▶ Supplied information
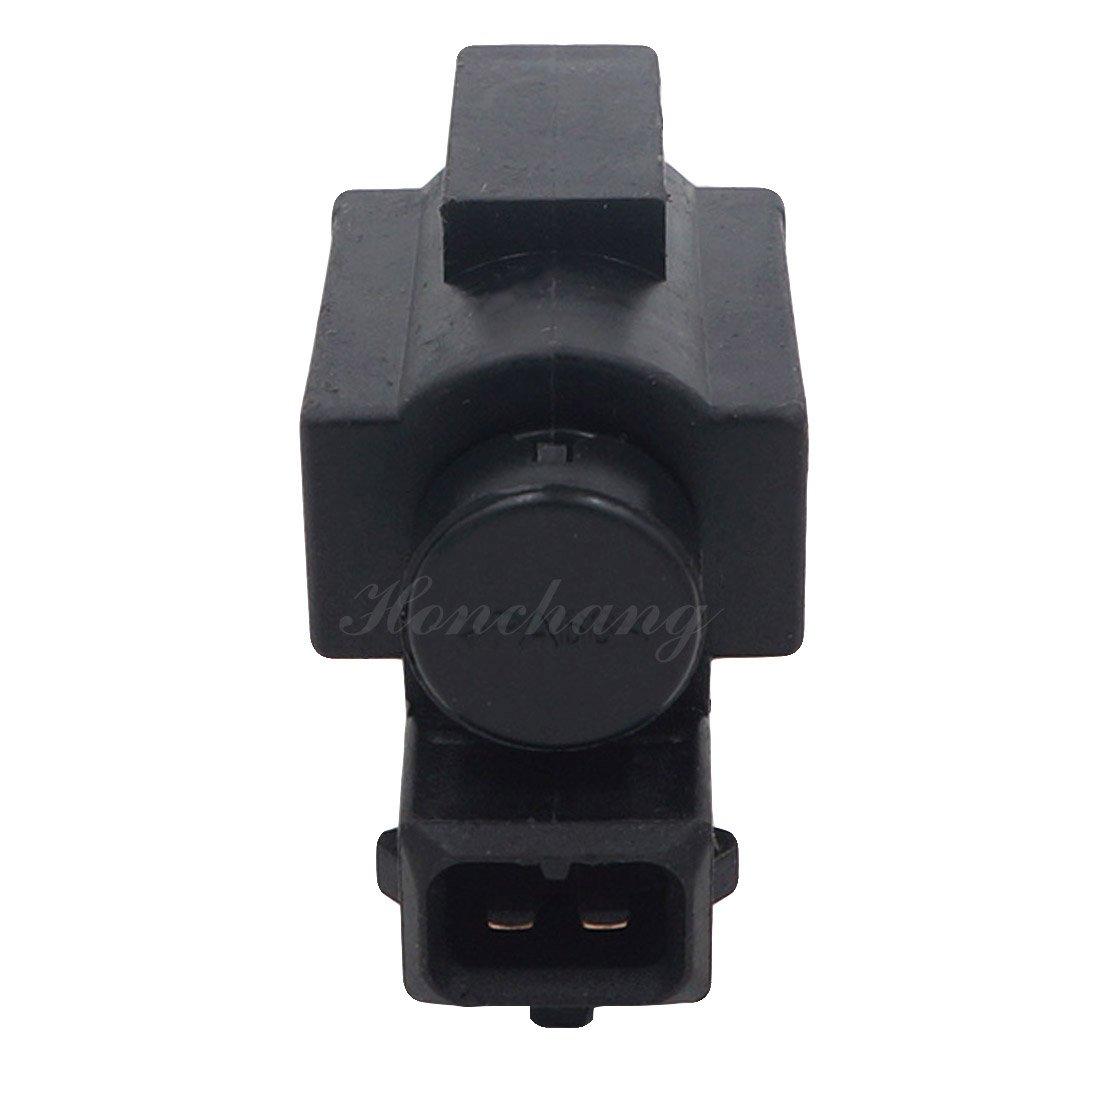 honchang Válvula de solenoide Turbo Control para BMW E36 E39 E46 330i 530i 535i 750i M5 X3 7810831: Amazon.es: Coche y moto
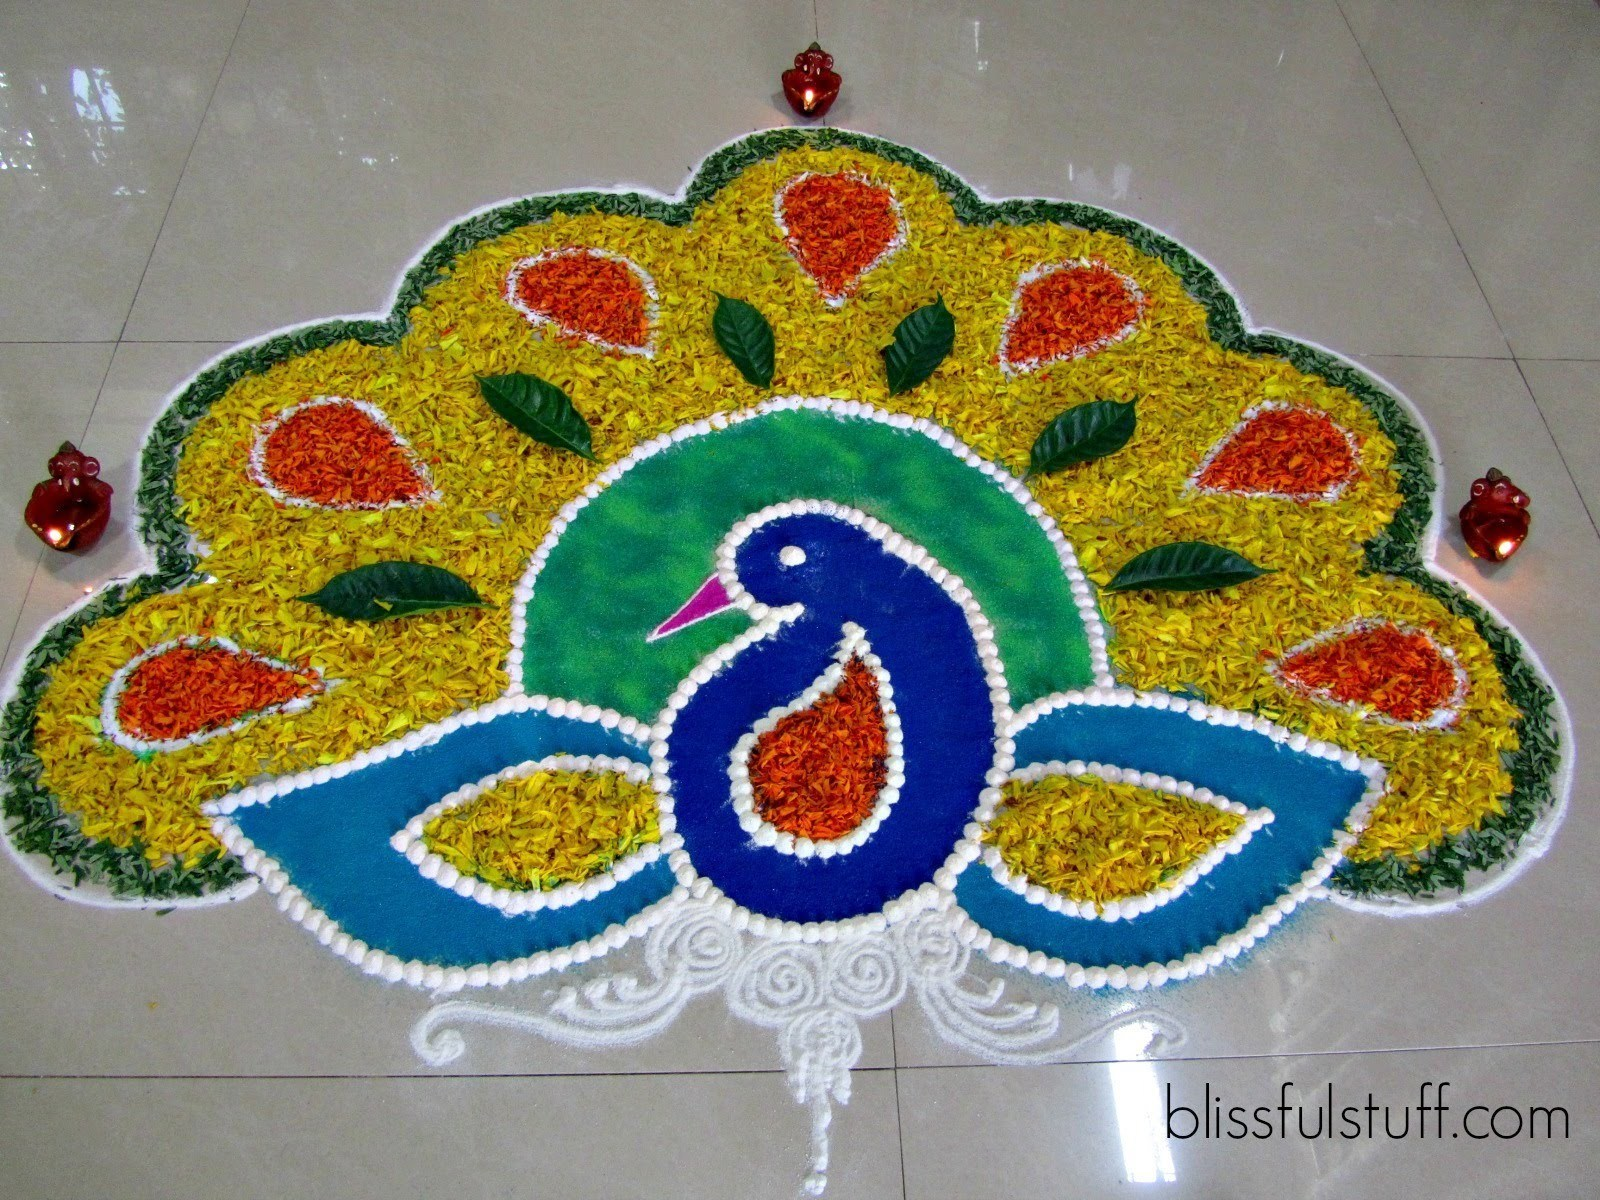 Peacock Rangoli Design for Deepavali
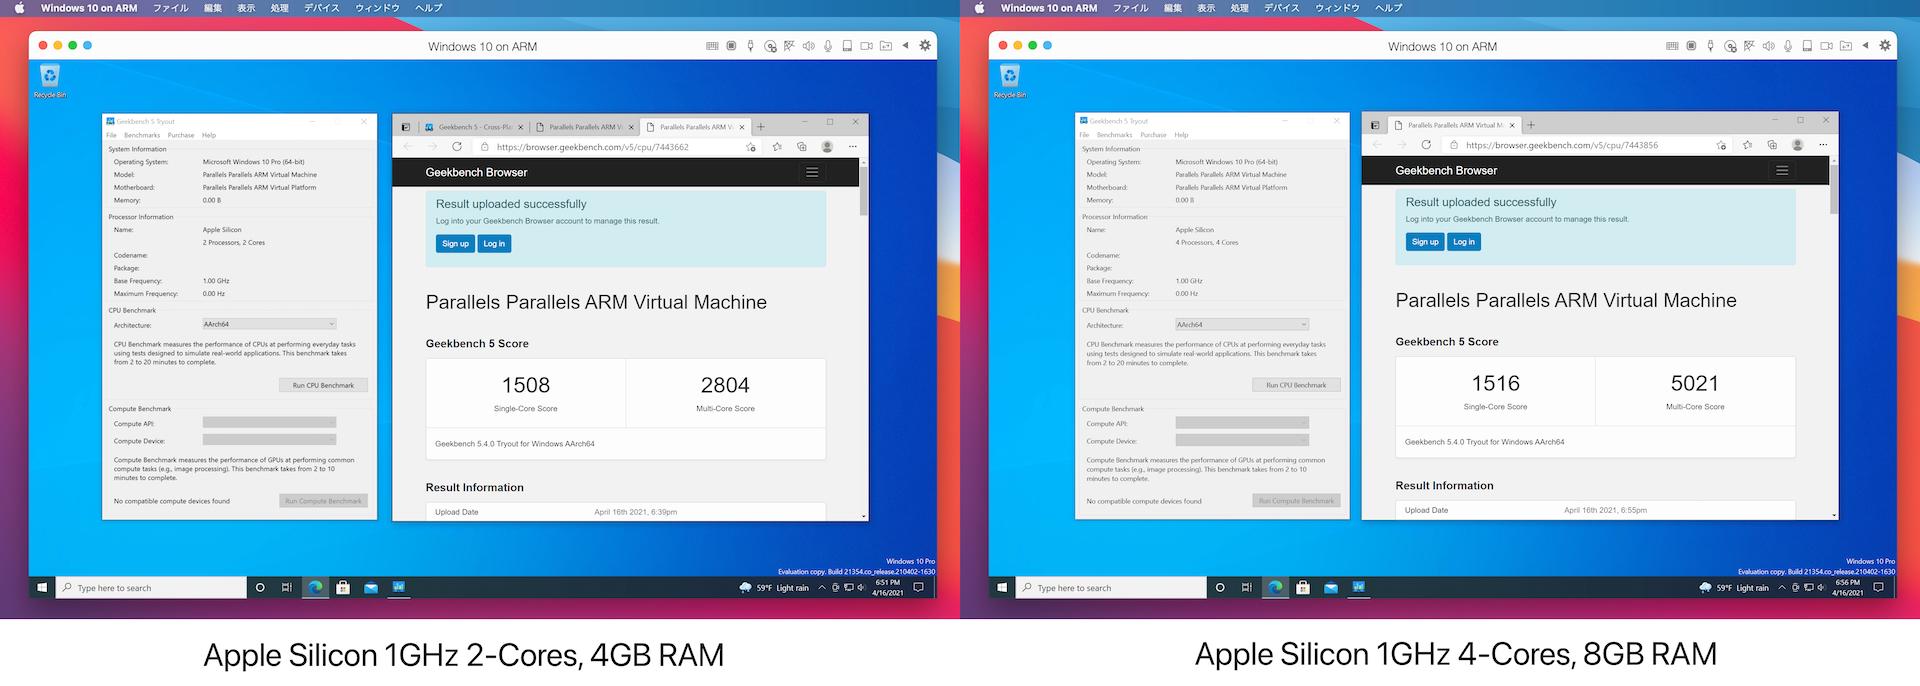 Parallels Desktop v16.5 for MacでのWindows 10 on ARMのベンチマーク

▶ Activity
With images omitted, output the data exactly as given.

▶ Solution
 honchang Válvula de solenoide Turbo Control para BMW E36 E39 E46 330i 530i 535i 750i M5 X3 7810831: Amazon.es: Coche y moto
 Peacock Rangoli Design for Deepavali
 Parallels Desktop v16.5 for MacでのWindows 10 on ARMのベンチマーク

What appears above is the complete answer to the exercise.